»Was soll ich nun antworten?« dachte ich. »Warum stellt man mich vor eine solche Entscheidung? Wer rät mir? Vielleicht ein Rechtsanwalt? Mein Vormund ist tot, mein Stiefvater lehnt es ab, und seine Ansicht liegt ja auch in seinem eigenen Vorgehen.

Dazu brannten die dunklen Augen dieses Mannes – ich kann nicht anders sagen, als beunruhigend – in die meinen, und ich muß es vor mir bekennen, daß etwas in mir sich ihm unterwarf.«

»Ich habe ja keine Ahnung, was ich Ihnen antworten soll,« quälte ich mir endlich ab.

Da fing er noch einmal an mit Zahlen und Geschäftsberichten auf mich einzureden, so daß ich fühlte, er machte es wie für ein Kind zurecht.

Ich verstand doch nichts, ich wollte auch gar nicht recht zuhören. Mein Kopf und mein Rücken taten so weh. Und schließlich dachte ich: Wenn du da mit der Hand, die mein toter Vater noch gedrückt hat, meine nehmen oder mein Haar streicheln wolltest, so würde ich wenig nach Zinsen und Kapital, Maschinen, Aktien und Jahresabschlüssen fragen.

»Denken Sie nach, ziehen Sie Erkundigungen ein,« sagte er schließlich, »ich werde Ihnen Adressen dalassen. Sie werden sich ja doch, bis ein Berufener Ihnen diese Sorgen aus der Hand nimmt, damit beschäftigen müssen. Übermorgen bin ich hier und gebe Ihnen selbst noch jede gewünschte Auskunft.«

Dann sah er mich schärfer und voller Mitleid an.... »Ich quäle Sie, armes Kind, Sie sind ganz weiß geworden. Vielleicht hat mein Sohn doch recht gehabt.«

»Ja, Ihr Sohn sollte doch auch mitkommen. Wo ist er?« fragte ich gleichgültig.

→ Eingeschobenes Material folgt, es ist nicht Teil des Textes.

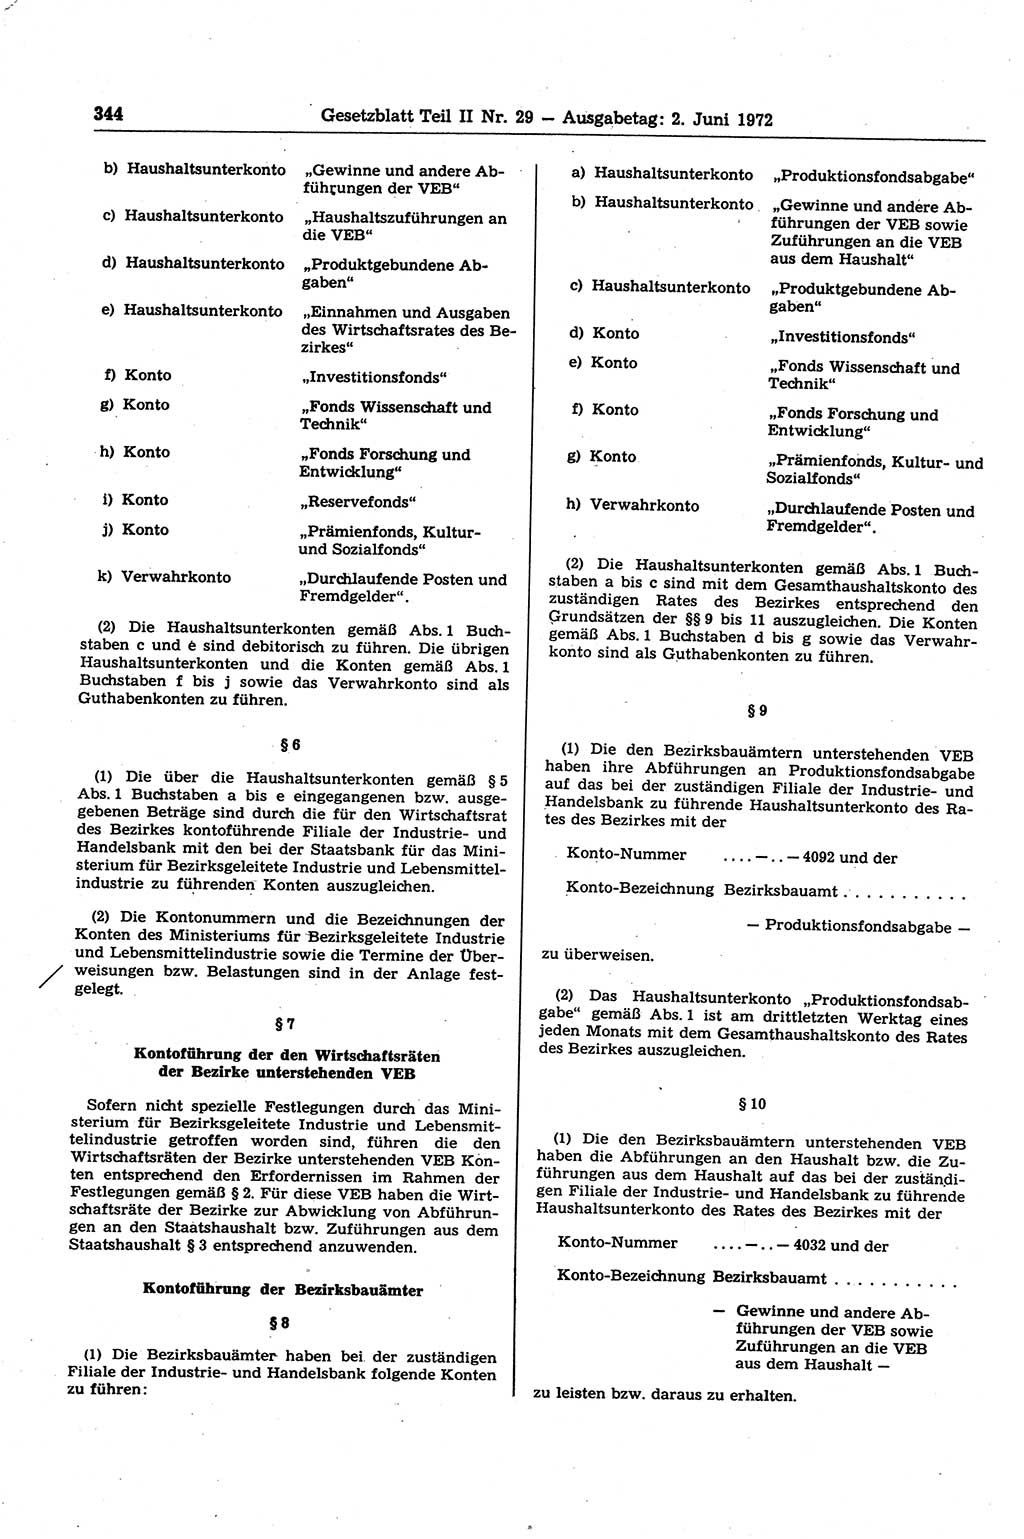 Gesetzblatt (GBl.) der Deutschen Demokratischen Republik (DDR) Teil ⅠⅠ 1972, Seite 344 (GBl. DDR ⅠⅠ 1972, S. 344)

Herr Hillmann sah etwas verlegen über mich weg. »Mein Sohn, – o, – er ist geschäftlich verhindert, – das heißt, offen gestanden, – mein Sohn ist ein wundervoller Mensch, – aber ein Träumer, – ein Träumer sage ich Ihnen – mit dem man sich oft kaum verständigen könnte, wenn man ihn nicht so lieb haben müßte.«

»Und?« fragte ich nun etwas neugierig.